Keep the images out while you retype all of the data exactly.

[Data provided]

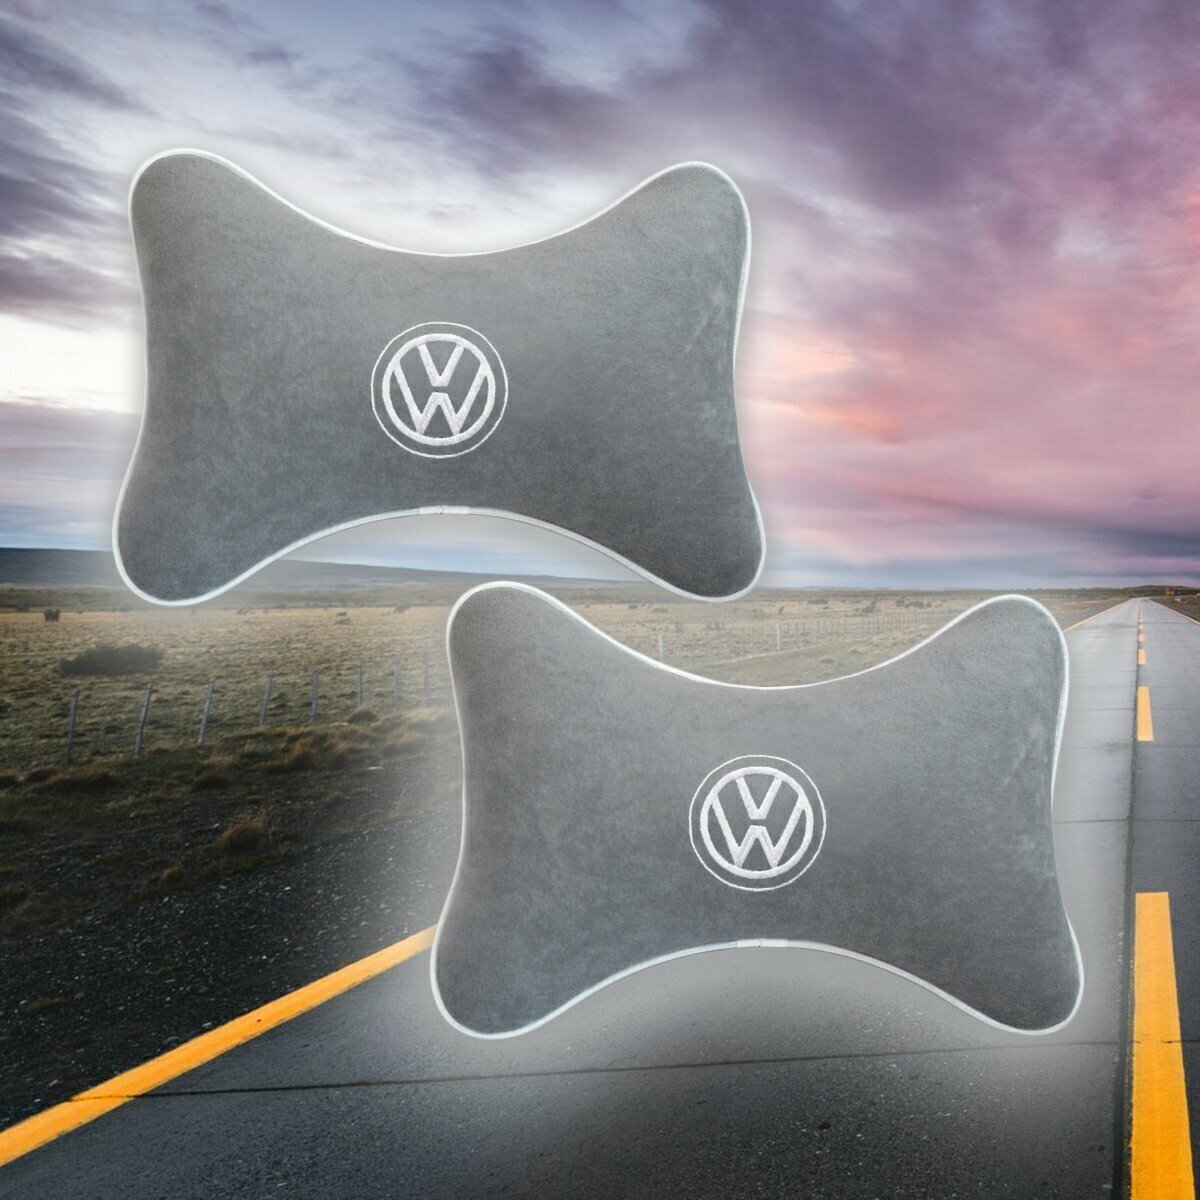 Комплект автомобильных подушек под шею на подголовник из серого велюра и вышивкой для Volkswagen (фольцваген) (2 подушки)
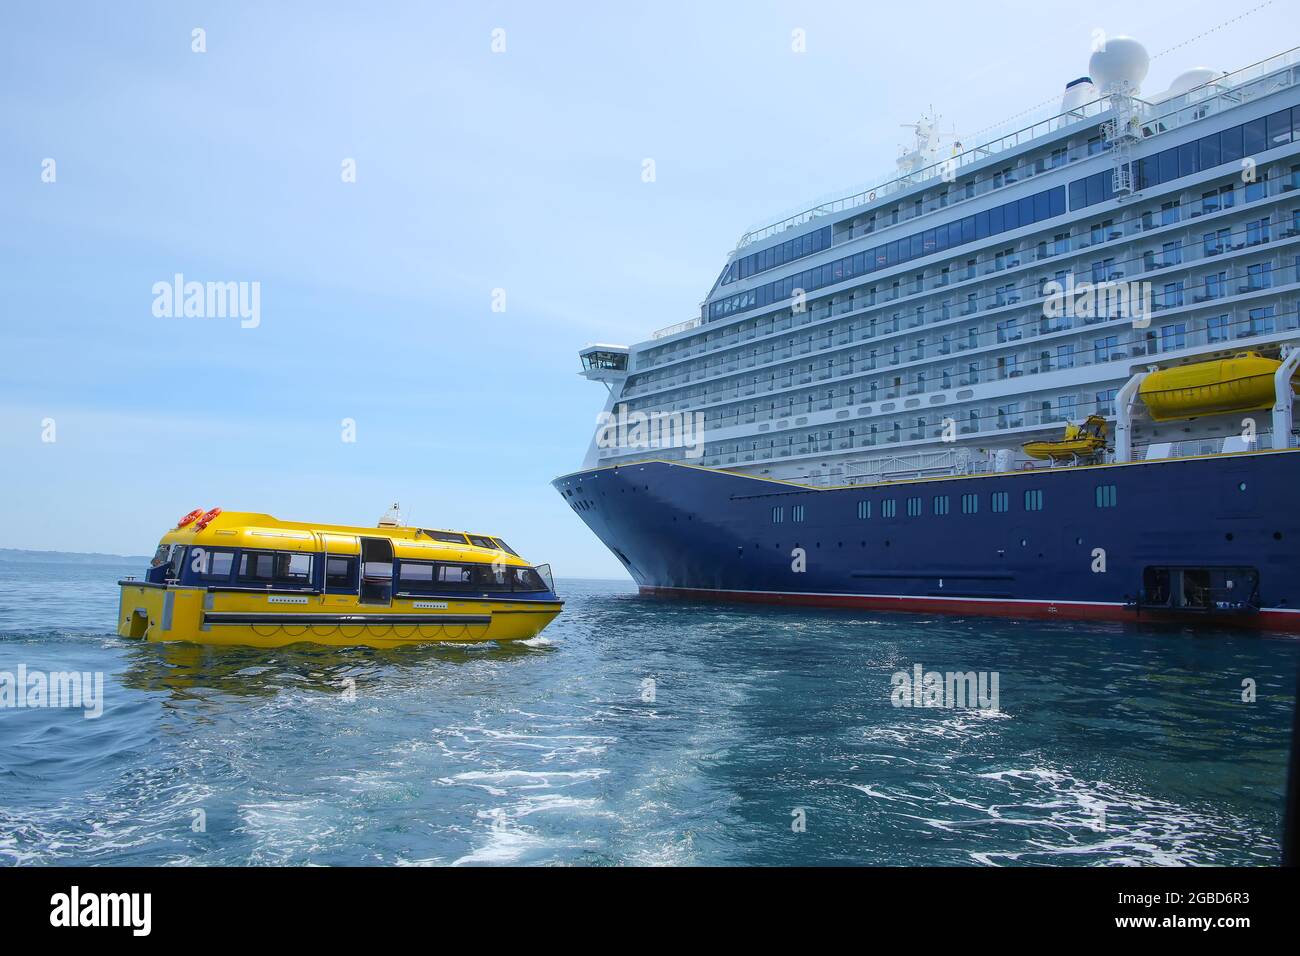 Schiff vor Anker im St. Peter Port, Guernsey. Großes Schiff mit blauem Rumpf und einem gelben Rettungsboot oder Tender vor der Küste, Kanalinseln, großbritannien. Stockfoto
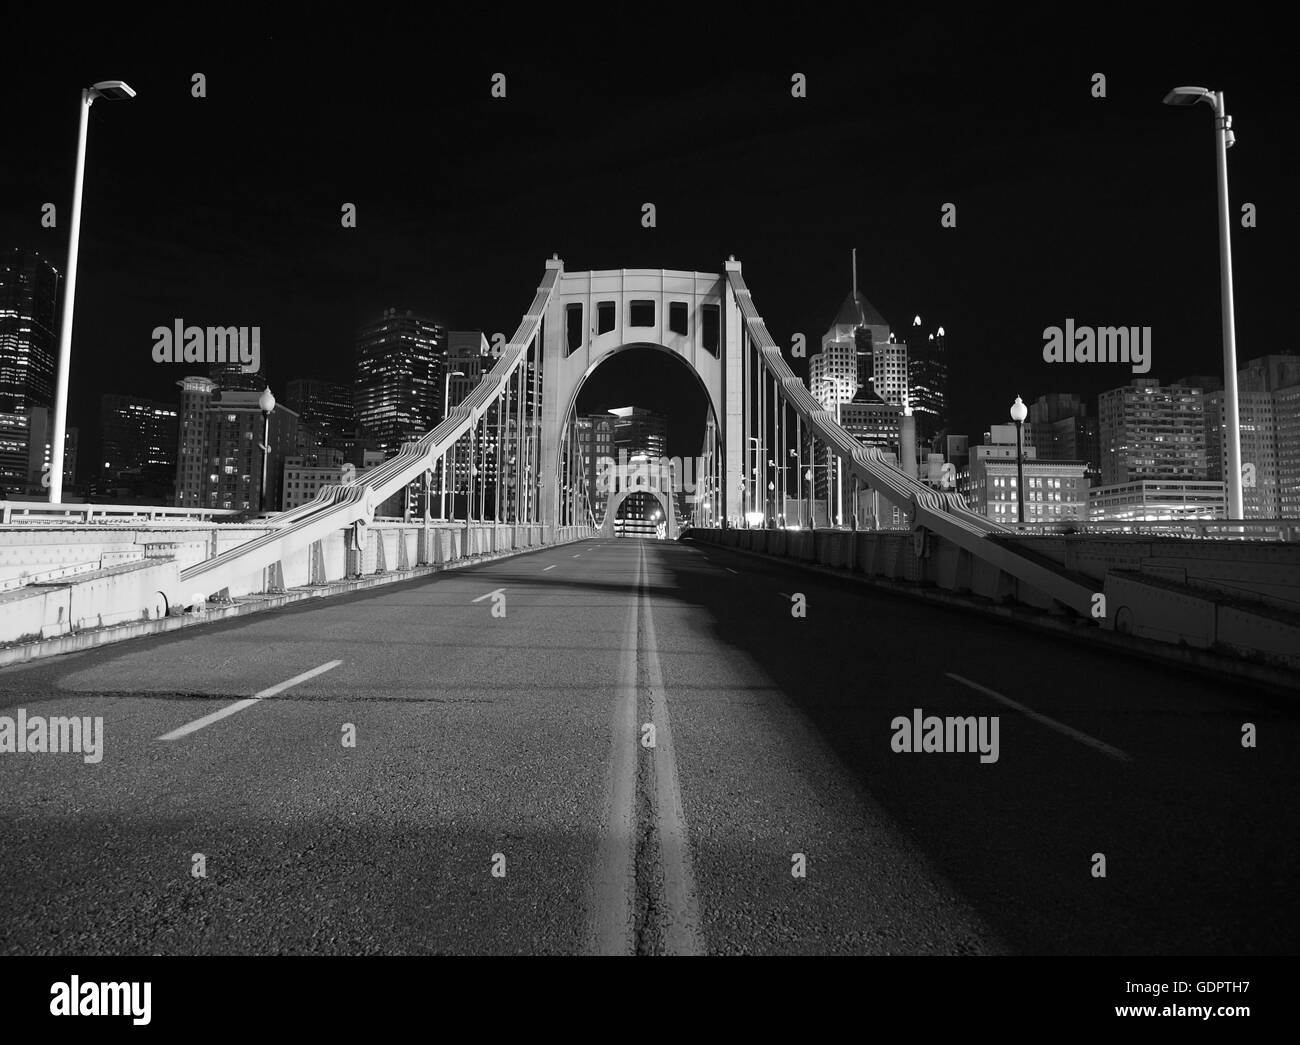 In bianco e nero sul ponte che conduce al centro di Pittsburgh. Accesa con il bagliore del baseball stadium luci. Foto Stock

[/Data provided]

_Exercise solution_
 Комплект автомобильных подушек под шею на подголовник из серого велюра и вышивкой для Volkswagen (фольцваген) (2 подушки)
 Schiff vor Anker im St. Peter Port, Guernsey. Großes Schiff mit blauem Rumpf und einem gelben Rettungsboot oder Tender vor der Küste, Kanalinseln, großbritannien. Stockfoto
 In bianco e nero sul ponte che conduce al centro di Pittsburgh. Accesa con il bagliore del baseball stadium luci. Foto Stock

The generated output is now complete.